EXERCISE:
Transcribe the data that follows in full. Leave out the pictures.

DATA BLOCK:
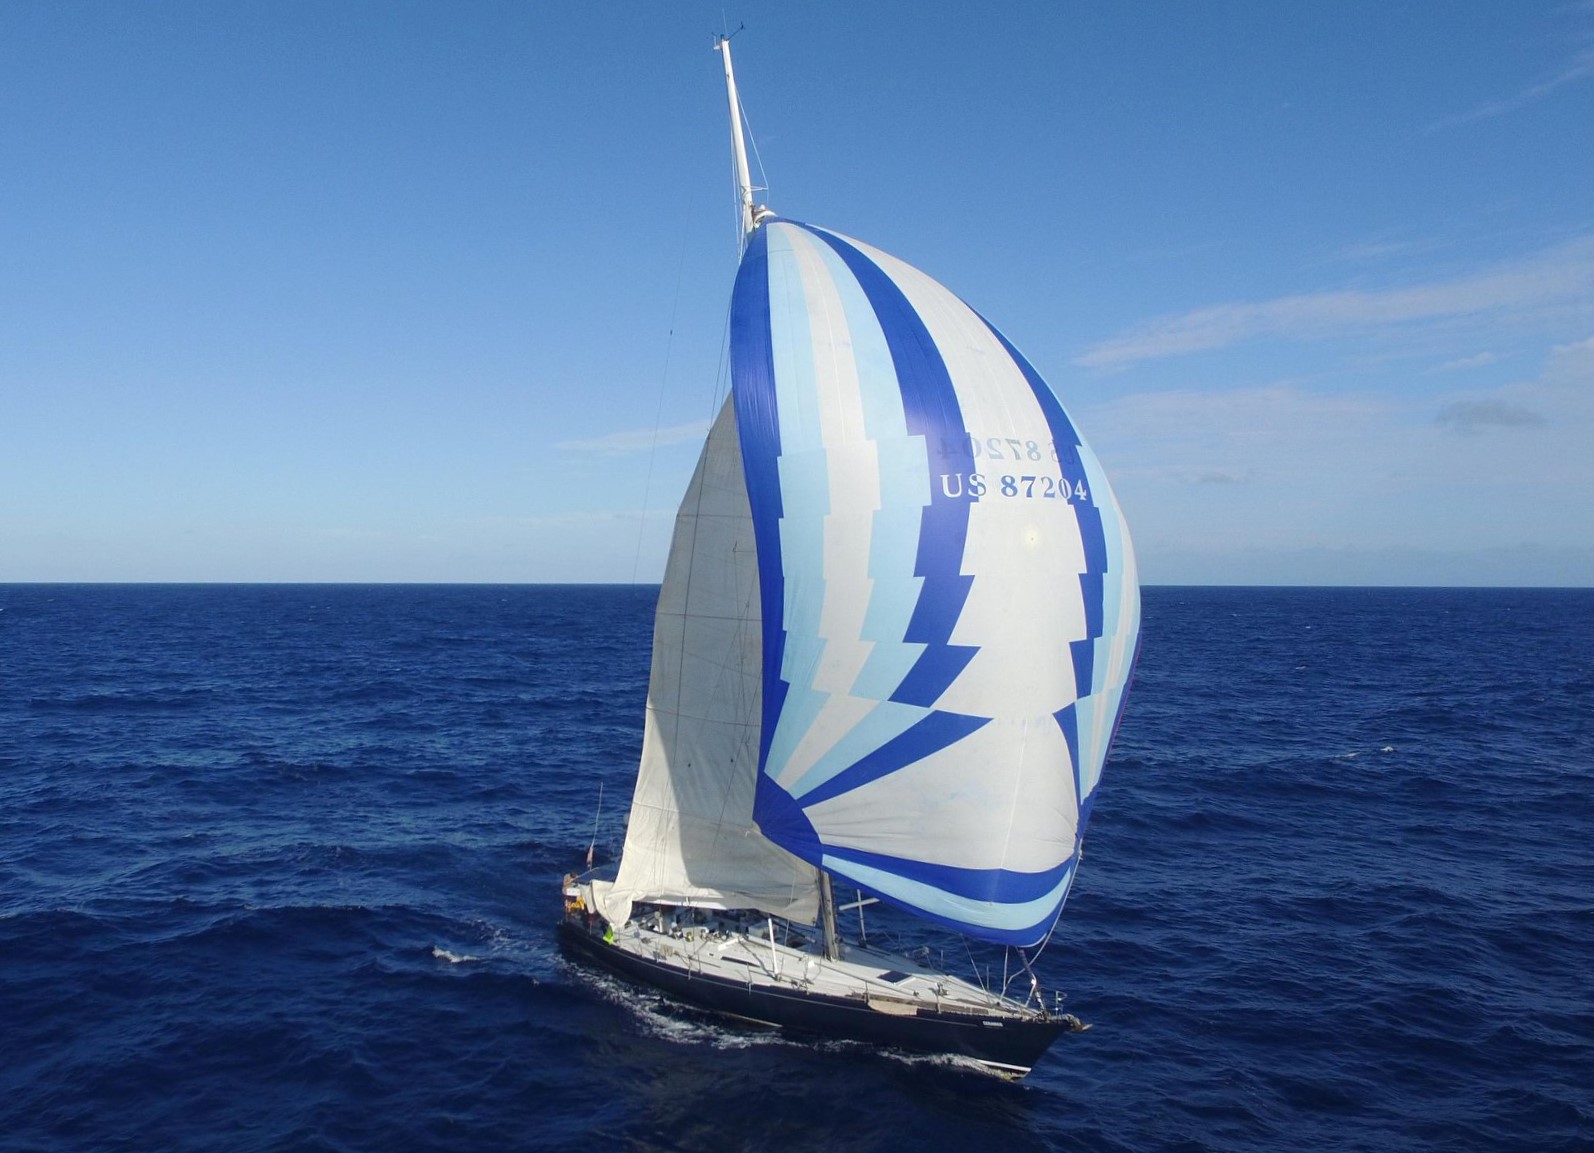 ceramco new zealand yacht
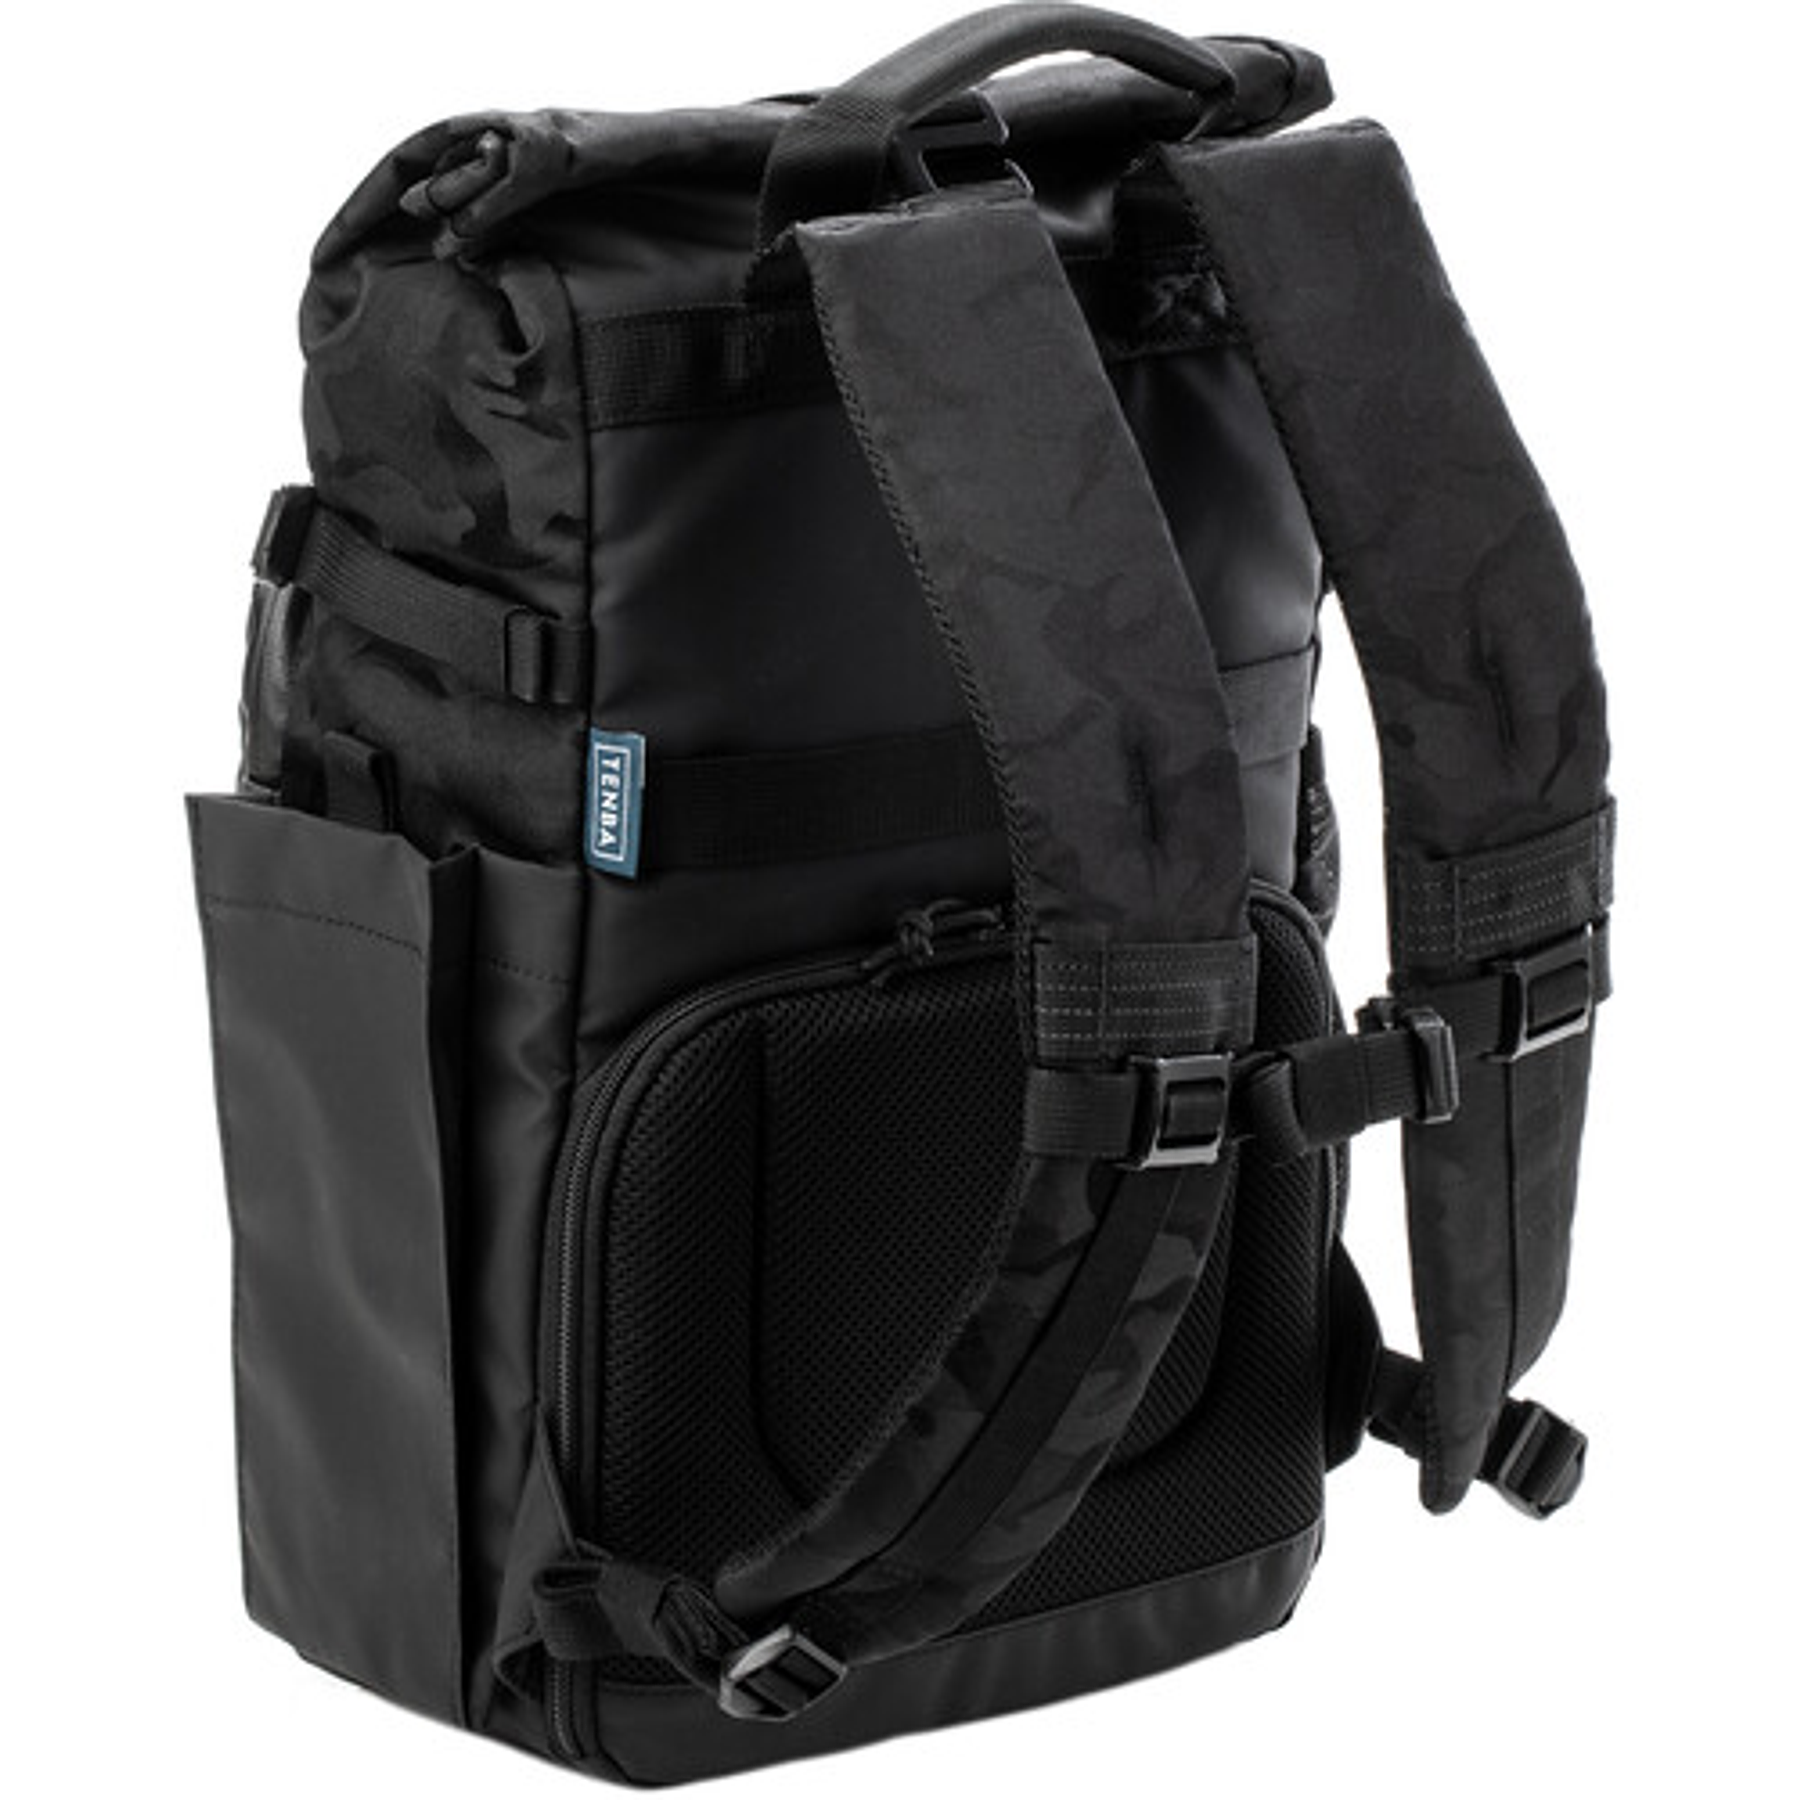 Tenba Fulton v2 14L Photo Backpack (Black/Black Camo)
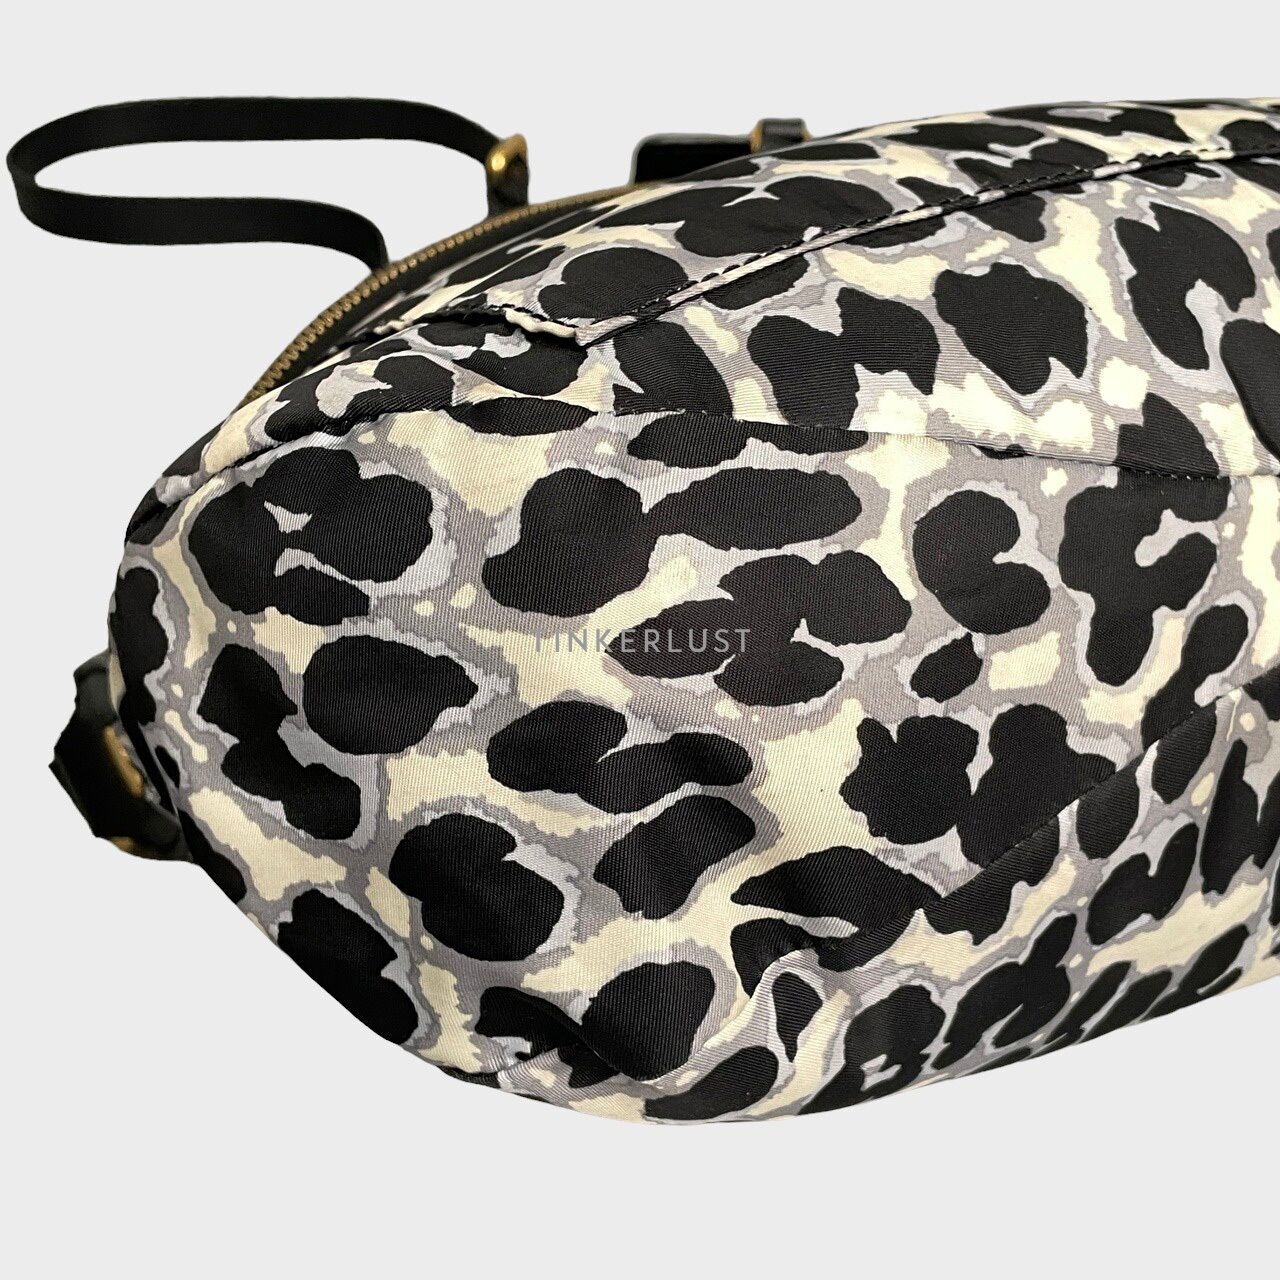 Marc by Marc Jacobs Preppy Nylon Natasha Leopard Sling Bag

SOLUTION TO THE EXERCISE:
 ceramco new zealand yacht
 Tenba Fulton v2 14L Photo Backpack (Black/Black Camo)
 Marc by Marc Jacobs Preppy Nylon Natasha Leopard Sling Bag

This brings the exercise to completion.